RecN-mediated intermolecular association linear duplex DNA molecules. Ligation reactions were carried out in dilute conditions as described under “Experimental Procedures.” The indicated concentration (in μm) of Dr RecN protein was incubated with 1.2 μm bp of 2.4-kb PstI linearized plasmid DNA (pEAW3) substrate (marker, lds M) and 2.5 mm ATP for 30 min before the addition of 2.5 units of E. coli DNA ligase. The ligated DNA products were purified from the dilute reaction mixture and analyzed in a 0.7% agarose gel. Self-ligated circular plasmid represents various topoisomers of the intramolecular, covalently closed plasmid product. The migration of linear multimeric products relative to the standard (lane M) was used to identify the intermolecular ligation products as dimers (4.8 kb), trimers (7.2 kb), etc.

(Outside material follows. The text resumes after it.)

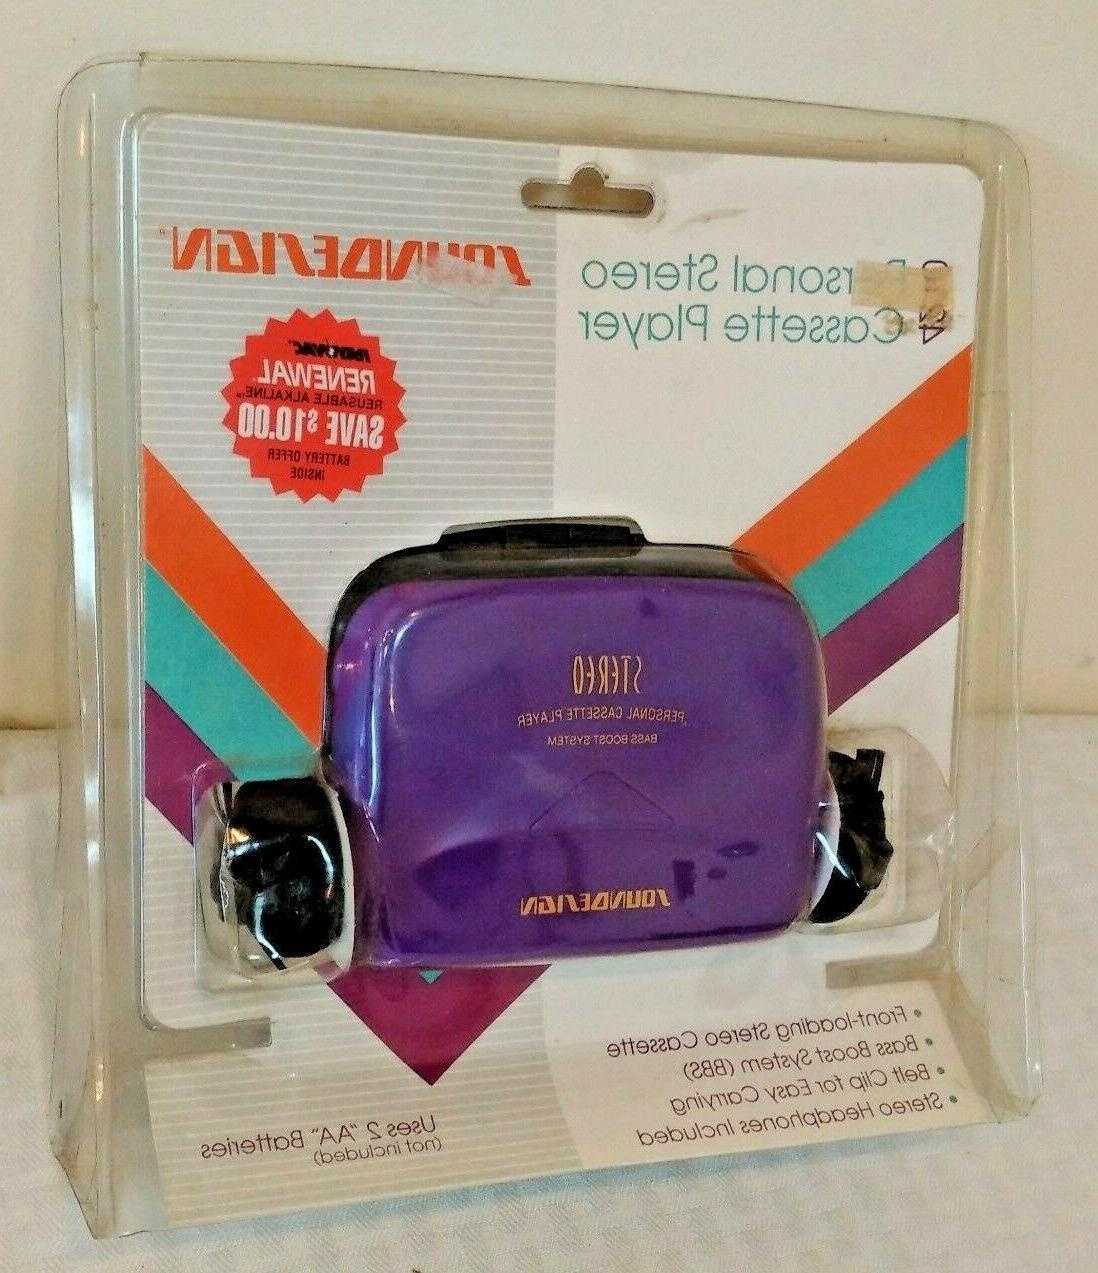 vintage 4201 personal cassette player headphones purple

Because the RecN protein is titrated into the reaction to above 2.4 μm, the generation of large, higher ordered, multimers is inhibited. The reason for this is not clear; however, we have observed RecN protein precipitation when RecN protein is incubated at 37 °C at concentrations above 5 μm (data not shown). Therefore, we cannot rule out the possibility that protein aggregation is occurring (thereby decreasing the effective concentration) at the higher RecN concentration used to produce Fig. 3. Regardless, it is clear that the RecN protein concentrations from 0.6 to 2.4 μm are stimulating intermolecular DNA associations, such that the major ligation products are multimers of the 2.4-kb linear plasmid substrate. Additionally, RecN is likely stiffening the linear substrate molecule such that intramolecular ends are precluded from interacting because the DNA ligase-mediated circularization of linear DNA molecules is inhibited as the RecN concentration increases (Fig. 3).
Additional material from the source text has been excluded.